3) AR Can Teach Facial Expressions

A research study delved into whether AR could allow adolescents with ASD to more readily recognize emotional expression. 3D facial models of each participant were made to use as AR overlay “masks” and each were digitally altered to showcase common facial expressions. Participants were told a short story with illustrations that highlighted one specific emotion and then were asked to select the appropriate emotion mask. Using an AR mirror system, this virtual mask would then appear over the participant’s face to reinforce the emotion being described. The research concluded that the AR system raised awareness of facial emotions and increased sustained and selective attention while parents of participants reported improvements in social skills and attempts at expressing feelings.

4) AR Can Teach Nonverbal Social Cues

An AR app was developed for a study to highlight the nonverbal social cues within a story book. Each social cue depicted was overlaid with a supplemental video for the children to focus on. After the AR intervention, all the participant scores increased significantly from the baseline phase of the study. The kids were very interested in the AR video and demonstrated greater ability to differentiate between facial expressions.

5) AR Can Teach Vocabulary

Sets of science vocabulary words were created with AR content to help teach students with ASD and intellectual disabilities. The content included video, audio of definitions, labeled pictures and figures, and 3D simulations. The study was found to be highly effective for all participants and the particular student with ASD learned all the words in a relatively short time frame with immediate improvement.

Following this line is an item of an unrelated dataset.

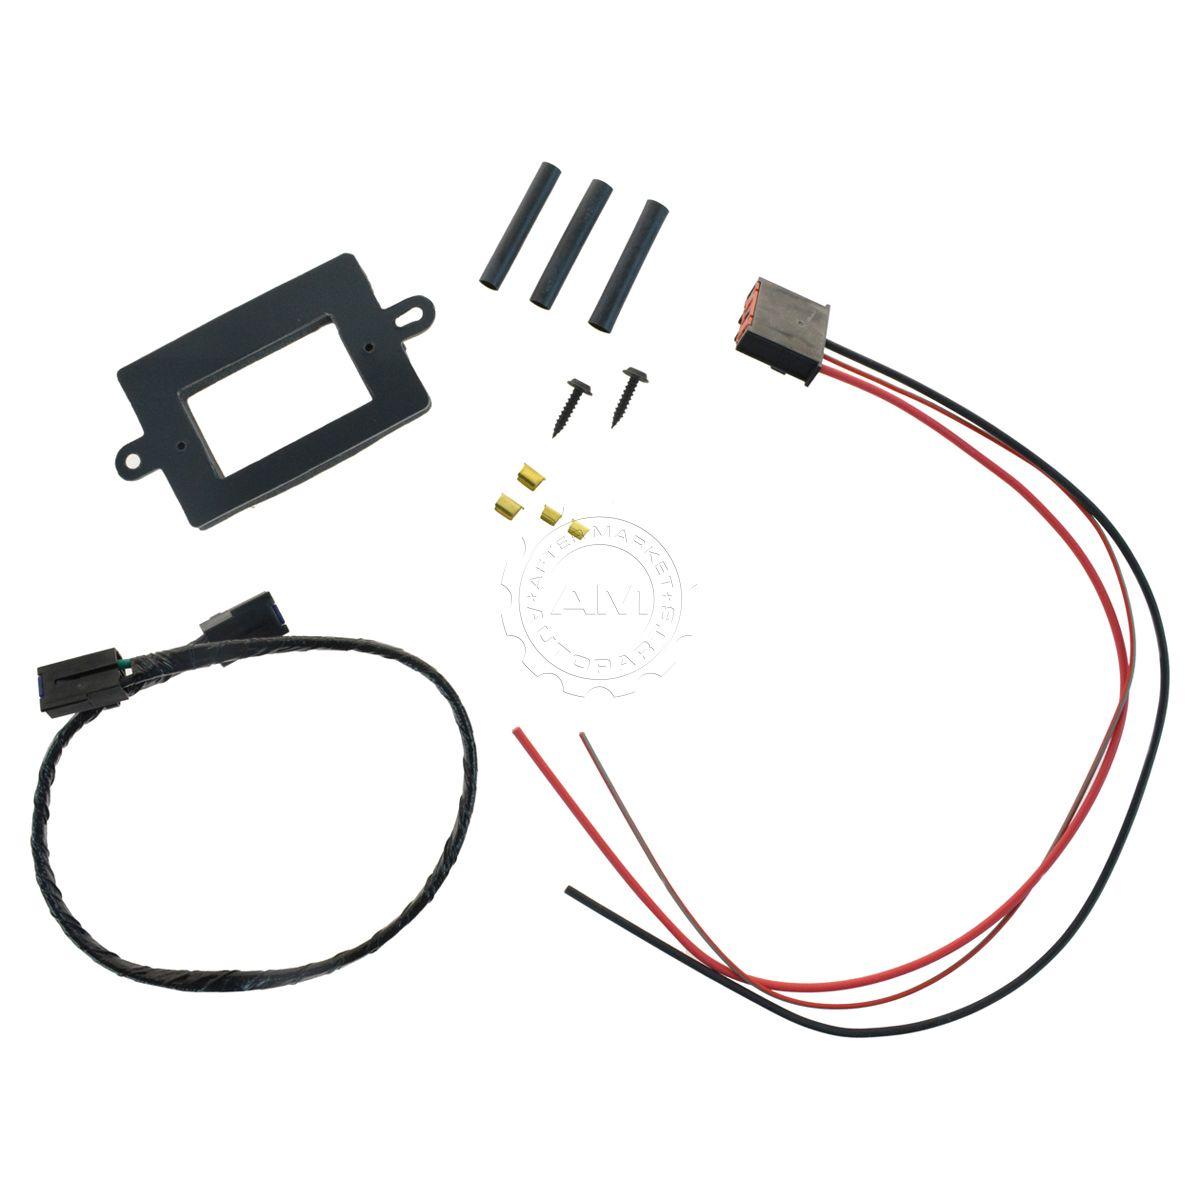 hight resolution of 2001 jeep grand cherokee blower motor resistor wiring harness

The AR system designed by Zhen Bai to help children with pretend play. Photo: Graphics & Interaction Group/University of Cambridge Computer Laboratory

The AR system designed by Zhen Bai to help children with pretend play. Photo: Graphics & Interaction Group/University of Cambridge Computer Laboratory

6) AR Can Help with Imaginative Play

Researchers used an AR system with foam blocks and a TV screen that acted as a mirror in order to facilitate pretend play. The foam blocks transformed into a 3D car, train, or airplane on the screen and the kids could see themselves playing with the items as toys. Results showed a significant increase in imaginative play frequency and duration with the AR scenario and a video analysis revealed the children engaged in over 50% more pretend play scenarios per minute than without.

7) AR Can Teach a New Task

A study was executed for children where a five-step picture schedule of a toothbrushing task was augmented with a video clip demonstrating all the steps. After treatment, the AR intervention showed an immediate increase in independent performance by the participants, and after two months, completion of the task remained high. The kids enjoyed the AR content and the teachers reported the app to be an effective teaching tool.

Why is AR so effective for ASD?

AR allows for interaction with the real world which makes it easier to generalize real-life situations through digital content. The immersive, visual nature of AR capitalizes on a strength largely held by people with ASD and produces more curiosity and engagement. Introducing new technology can also be highly motivating, creating a more in-depth learning experience. In addition, AR can be easily adapted to supplement evidence-based practices such as picture prompting and video modeling that are currently being used by clinicians.

With AR technology being relatively new, its usage within healthcare, and particularly the realm of ASD, is still preliminary. Even so, studies show that the simple addition of an AR element to current therapies can increase motivation, attention, and focus. These highlighted outcomes just scrape the surface of the potential of AR-based interventions and the outlook is promising for future clinical use.